> _WHAT TO DO_
In the data below, set down exactly the lines from the one containing "Konsumentów decyzją nr" up to and including the one containing "Jasper Cane (PPU4-15)". Leave the pictures out.

> _DATA TO EXAMINE_

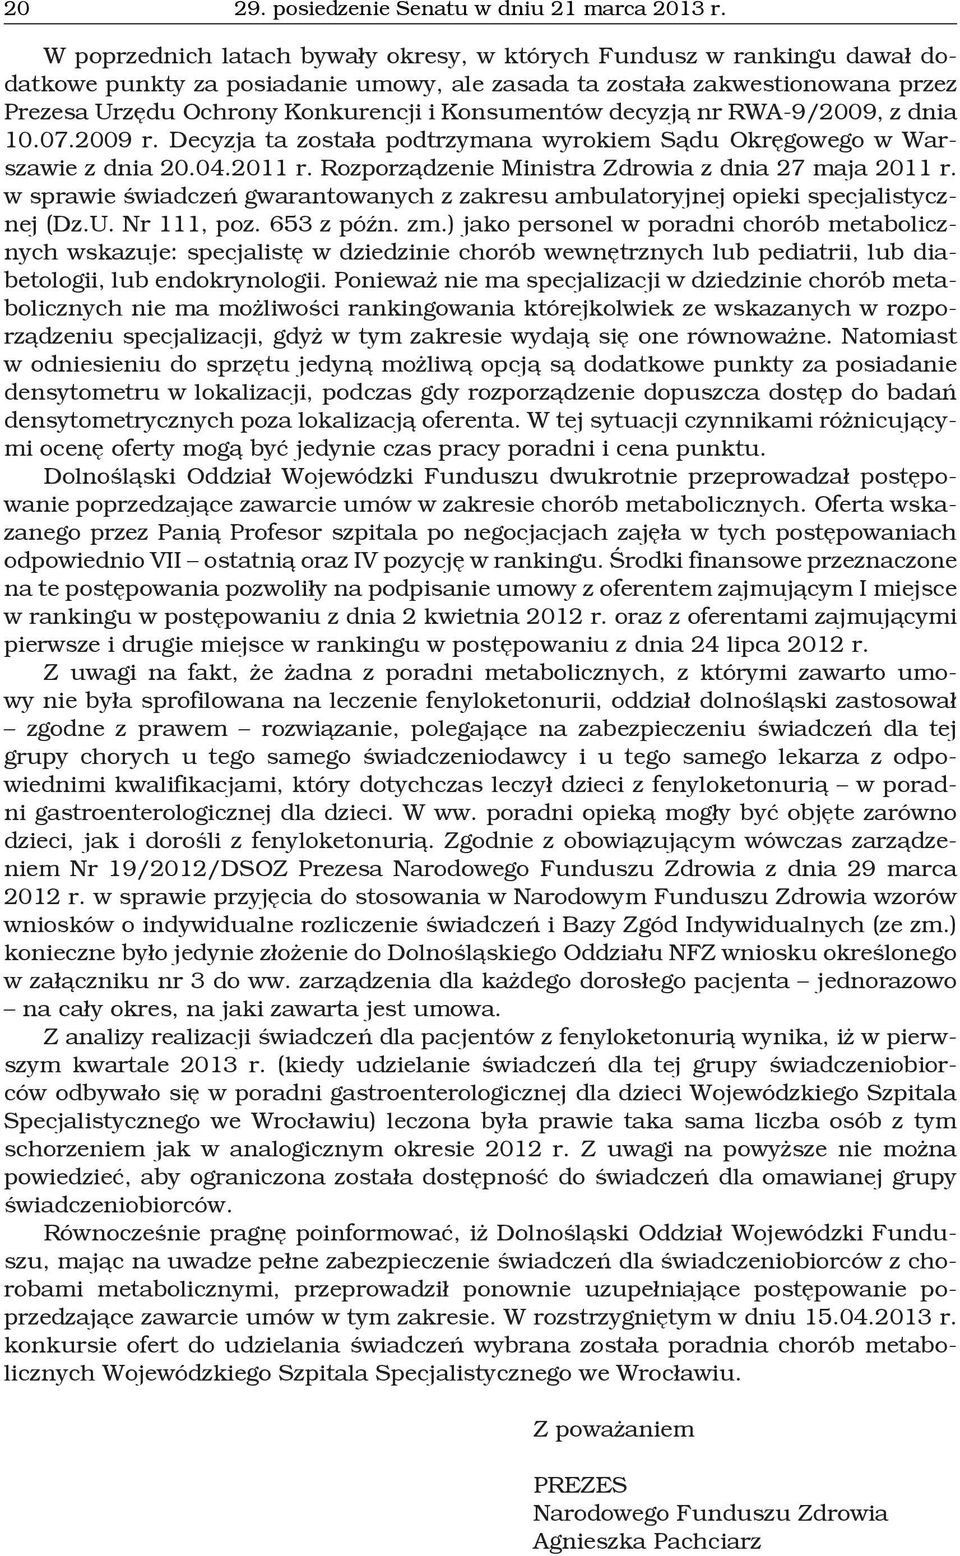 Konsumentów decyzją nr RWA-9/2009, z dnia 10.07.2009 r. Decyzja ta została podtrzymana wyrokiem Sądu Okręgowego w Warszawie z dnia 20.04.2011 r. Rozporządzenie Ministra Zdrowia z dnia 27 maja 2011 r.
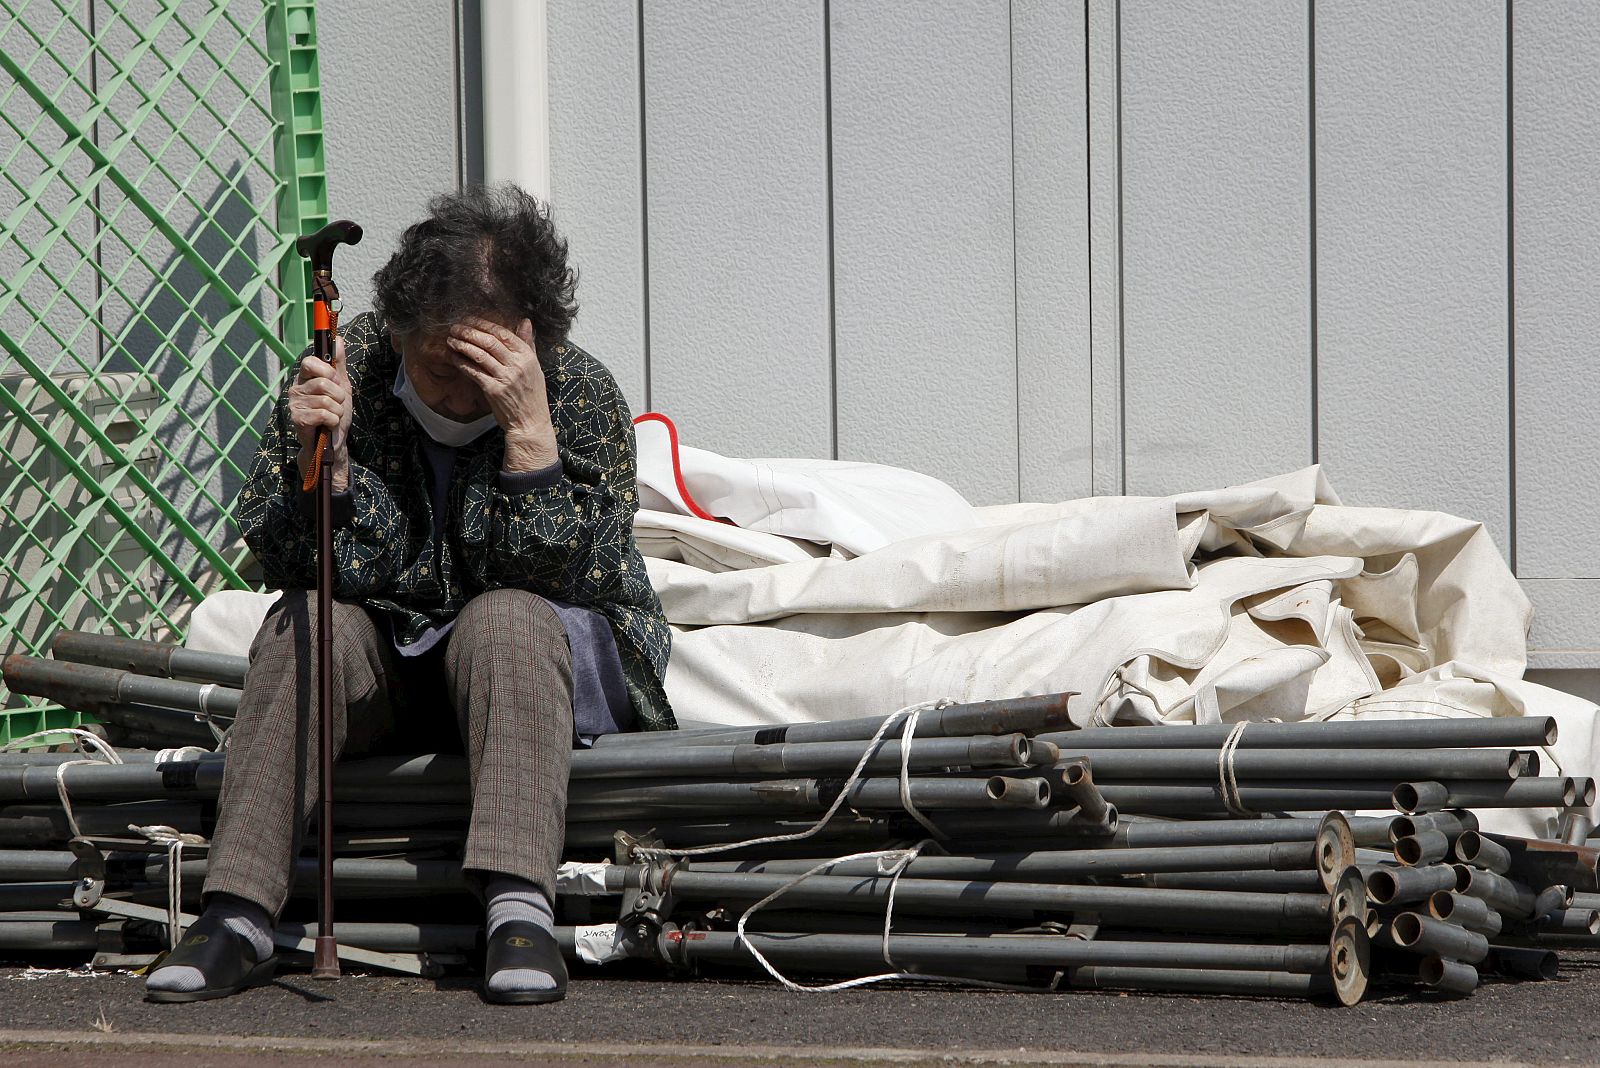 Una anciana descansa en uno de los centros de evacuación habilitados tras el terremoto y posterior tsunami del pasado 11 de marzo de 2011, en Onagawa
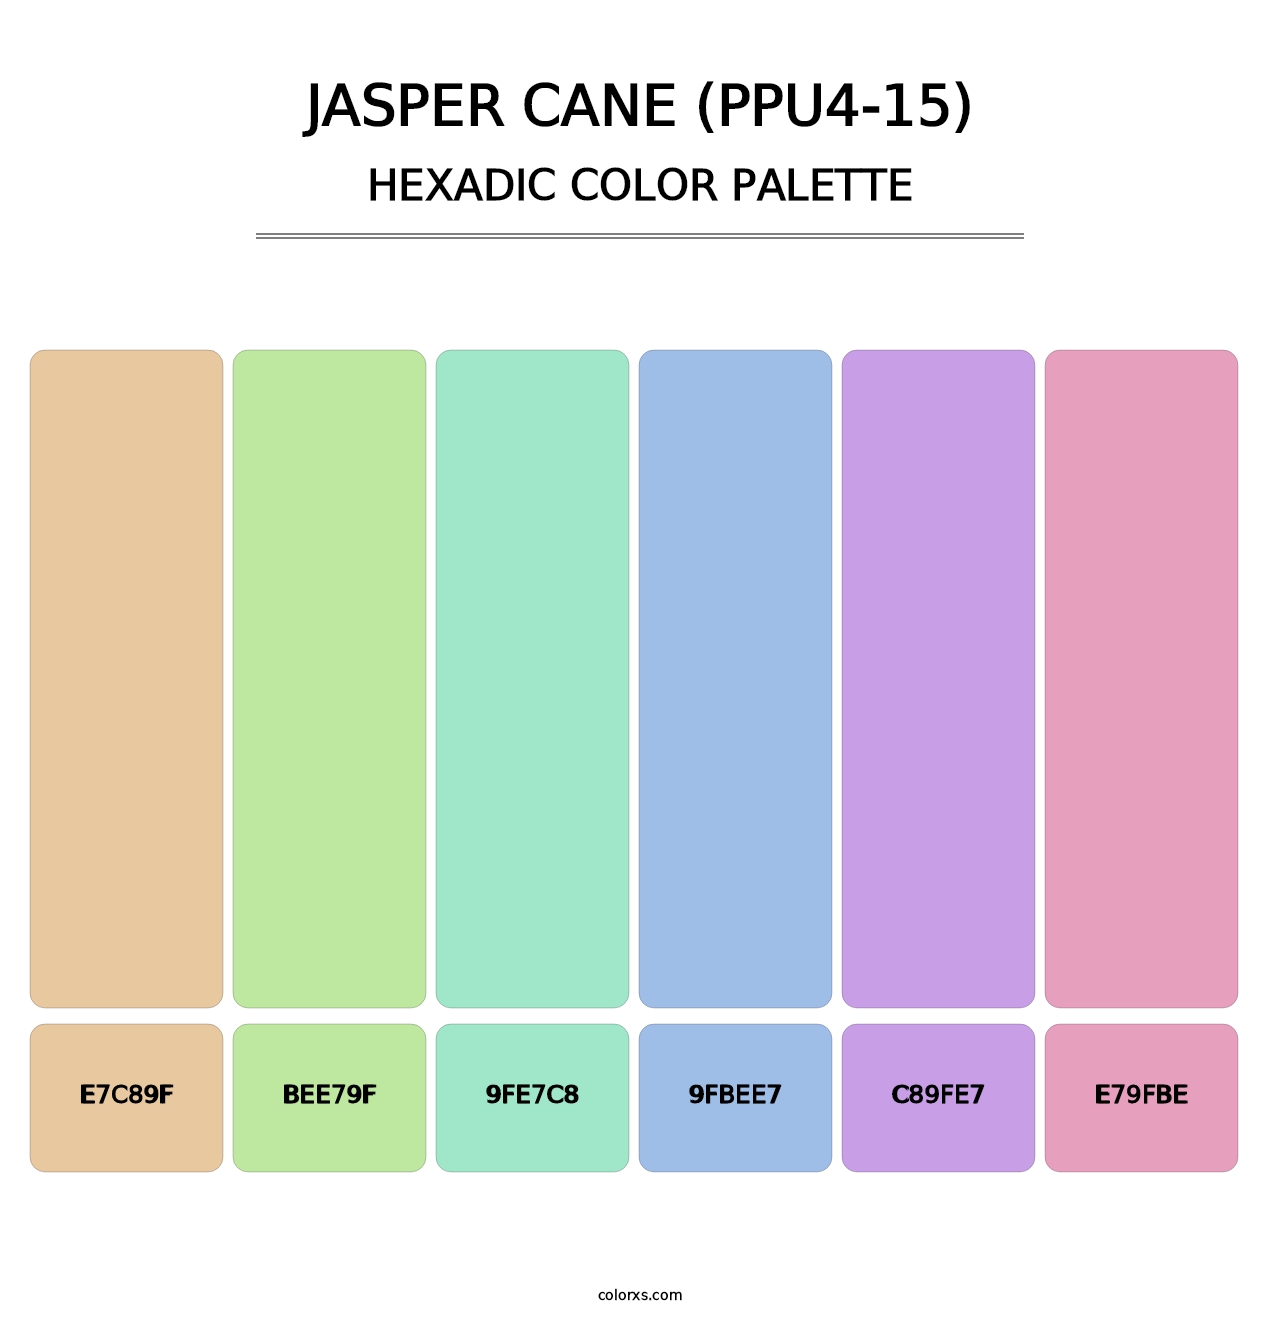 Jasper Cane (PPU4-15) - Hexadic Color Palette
---
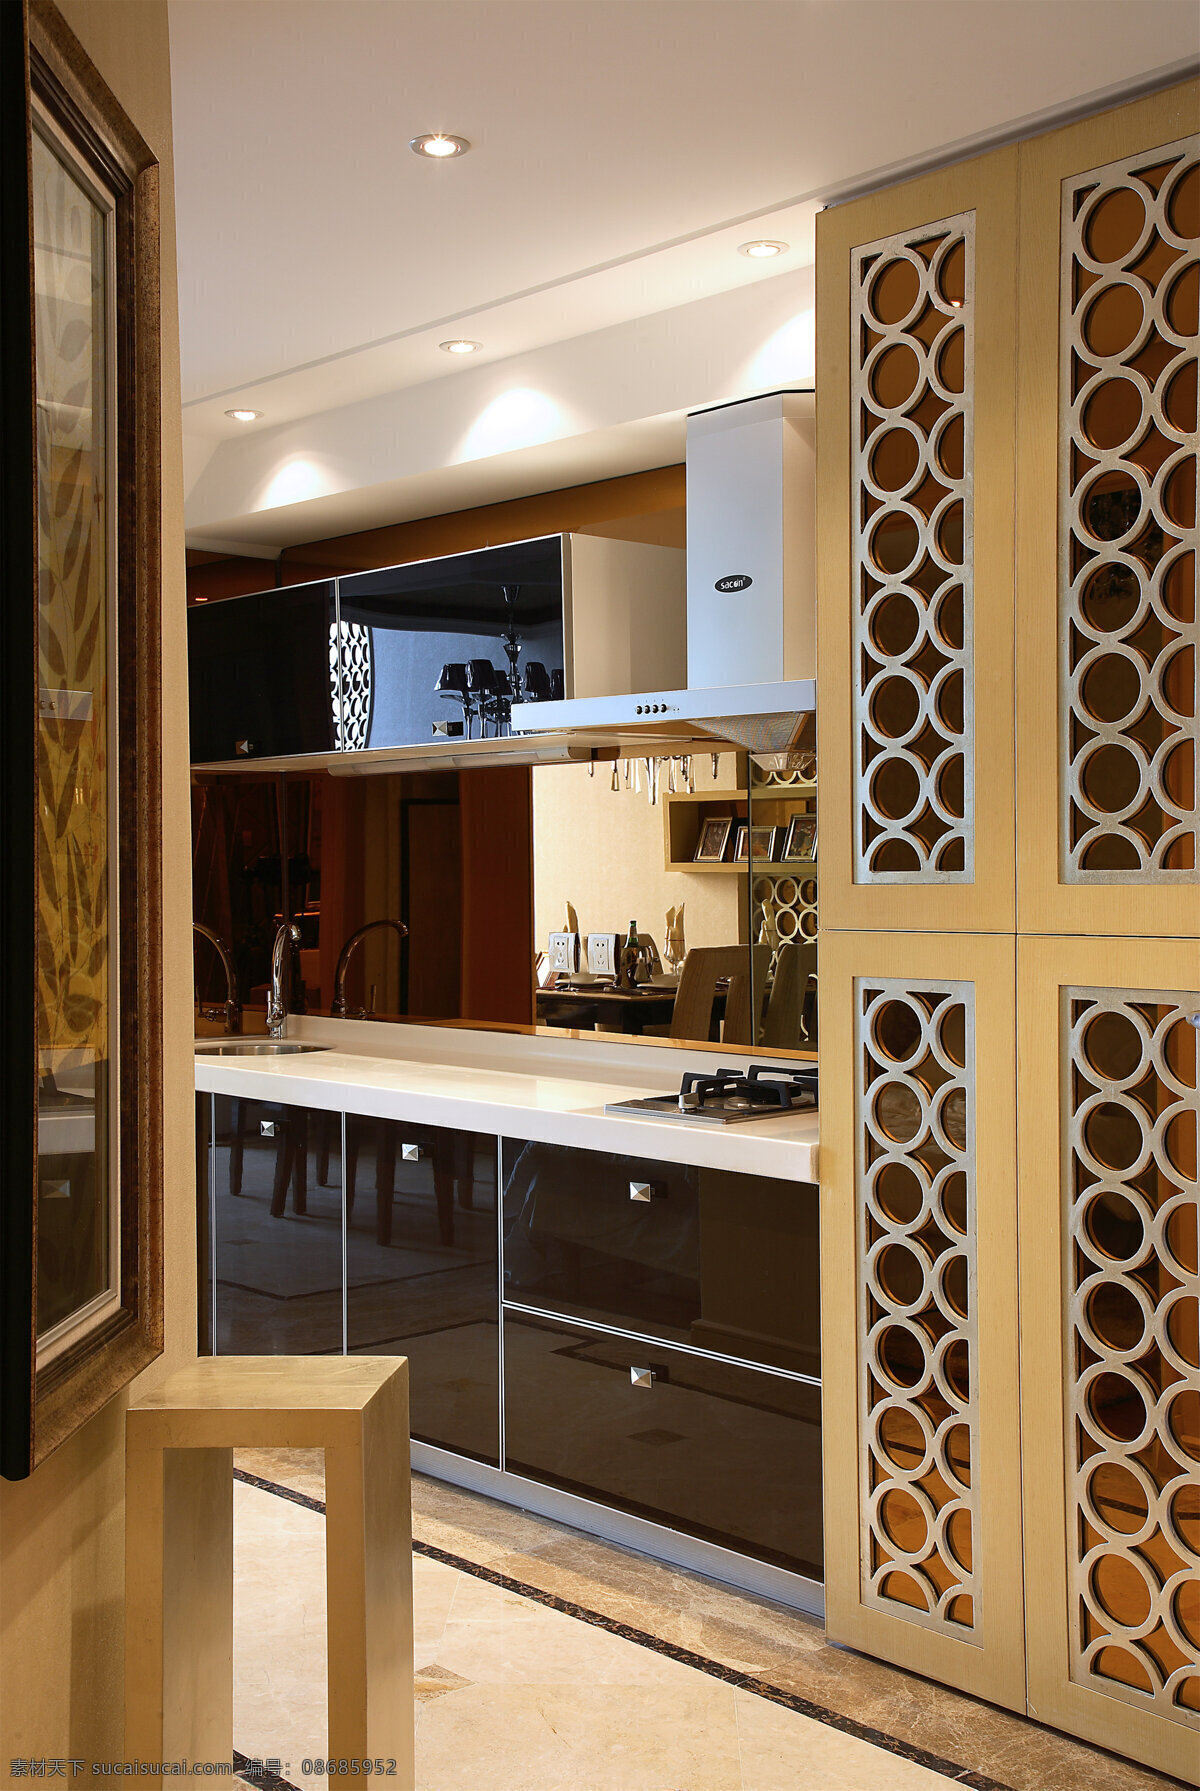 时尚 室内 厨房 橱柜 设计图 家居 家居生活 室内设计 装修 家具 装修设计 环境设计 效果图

> _EXERCISE ANSWER_
 Konsumentów decyzją nr RWA-9/2009, z dnia 10.07.2009 r. Decyzja ta została podtrzymana wyrokiem Sądu Okręgowego w Warszawie z dnia 20.04.2011 r. Rozporządzenie Ministra Zdrowia z dnia 27 maja 2011 r.
 Una anciana descansa en uno de los centros de evacuación habilitados tras el terremoto y posterior tsunami del pasado 11 de marzo de 2011, en Onagawa
 Jasper Cane (PPU4-15) - Hexadic Color Palette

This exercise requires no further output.